PPI stands for pores per inch — a count of the number of open cells measured linearly across one inch (25.4 mm) of a ceramic foam filter face. A 10 ppi filter has approximately 10 cells per linear inch, each cell measuring roughly 2.5 mm across. A 50 ppi filter has approximately 50 cells per inch, with individual cell dimensions around 0.5 mm. The PPI rating is the primary specification that determines a filter’s filtration capability, flow resistance, and inclusion-holding capacity.
The concept is straightforward in principle. In practice, the translation from PPI number to actual filtration performance involves several variables that make PPI selection a nuanced engineering decision rather than a simple lookup.
How PPI Is Measured and Why It Varies Between Suppliers
The PPI measurement is performed by counting cell openings along a straight line across the filter face under low magnification. This sounds simple, but cell size distribution within a given PPI-rated product varies between manufacturers. Two suppliers both claiming “30 ppi” may produce filters with noticeably different average cell sizes, different cell size distributions, and consequently different filtration performance.
Published research from the Norwegian University of Science and Technology (NTNU) on ceramic foam filter characterization — including work by Sandnes, Engh, and colleagues — has consistently demonstrated that the nominal PPI rating is an imprecise specification. Their measurements showed that actual cell count in commercial 30 ppi filters from different manufacturers ranged from 26 to 34 cells per inch, with corresponding variation in hydraulic diameter of the cells.
This measurement variability has a practical consequence: when switching suppliers at the same PPI rating, filtration performance may change.

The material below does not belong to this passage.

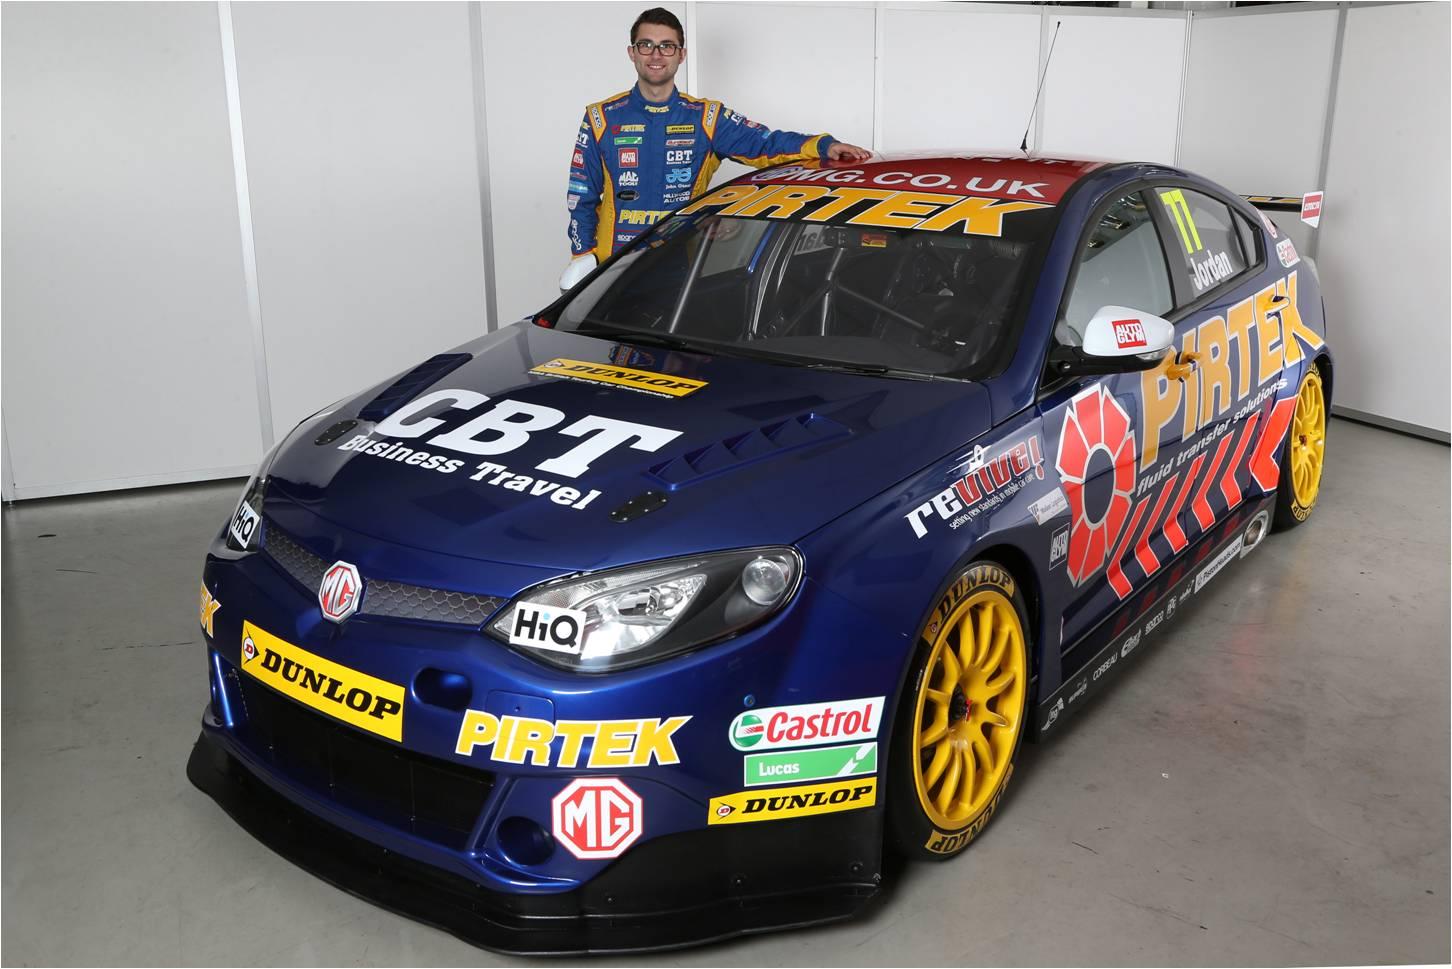 CarShop partner MG Signs Andrew Jordan to Defend BTCC Manufacturer Championship

At AdTech, we account for this by specifying our filters using both PPI rating and minimum compressive strength, which provides a proxy for cell structure consistency.
PPI vs. Pore Size: The Technical Relationship
The individual pore throat diameter — the narrowest constriction that a particle must pass through in the filter’s reticulated structure — is distinct from the cell size. Pore throat diameter is typically 30–50% of the mean cell diameter. For a 30 ppi filter with a mean cell diameter of approximately 0.85 mm, the typical pore throat diameter is approximately 0.28–0.43 mm.
This distinction matters because the smallest inclusion that can be captured by pure straining (mechanical interception at pore throats) is approximately equal to the pore throat diameter. Inclusions smaller than the pore throat require surface adhesion and diffusion mechanisms for capture — which is why ceramic foam filters capture inclusions significantly smaller than their nominal pore size, but with progressively lower efficiency as inclusion size decreases.
Standard PPI Range in Aluminum Foundry Practice
| PPI Rating | Approx. Cell Size | Approx. Pore Throat Diam. | Market Position | Typical Metal Volume per Filter* |
|---|---|---|---|---|
| 10 ppi | 2.5 mm | 0.75–1.25 mm | Pre-filter, coarse removal | Very High (>3000 kg) |
| 20 ppi | 1.3 mm | 0.39–0.65 mm | General casting, standard | High (1500–3000 kg) |
| 30 ppi | 0.85 mm | 0.26–0.43 mm | Most common industrial grade | Moderate (800–1500 kg) |
| 40 ppi | 0.63 mm | 0.19–0.32 mm | High cleanliness applications | Moderate-Low (400–800 kg) |
| 50 ppi | 0.50 mm | 0.15–0.25 mm | Demanding cleanliness | Low (200–400 kg) |
| 60 ppi | 0.42 mm | 0.13–0.21 mm | Ultra-clean applications | Very Low (<200 kg) |
Per standard 9″ × 9″ × 2″ (229 × 229 × 50 mm) filter at typical aluminum casting flow rates and moderate inclusion loading.
How Does PPI Affect Inclusion Removal Efficiency?
The relationship between PPI rating and inclusion removal efficiency is one of the most frequently misunderstood aspects of aluminum filtration technology. Many engineers assume that higher PPI always means better filtration. This is true for straining-dominated capture of larger inclusions, but the complete picture is more complex.
The Three Capture Mechanisms and Their PPI Dependence
Mechanical straining (sieving): Inclusions larger than the pore throat diameter cannot pass through and are captured at the first pore they encounter. This mechanism is highly PPI-dependent — a 50 ppi filter has pore throats approximately 3× smaller than a 20 ppi filter and will strain particles of correspondingly smaller size.
Surface adhesion (depth filtration): Inclusions smaller than the pore throat diameter but above approximately 5 microns are captured when inertia carries them into contact with the alumina strut surface, where van der Waals adhesion forces retain them. This mechanism is moderately PPI-dependent — more surface area per unit volume (from finer pore structure) increases the probability of contact.
Brownian diffusion: For very fine inclusions below approximately 1 micron, random thermal motion causes them to contact strut surfaces. This mechanism is slightly PPI-dependent but also strongly dependent on metal residence time in the filter, which is related to flow velocity rather than PPI alone.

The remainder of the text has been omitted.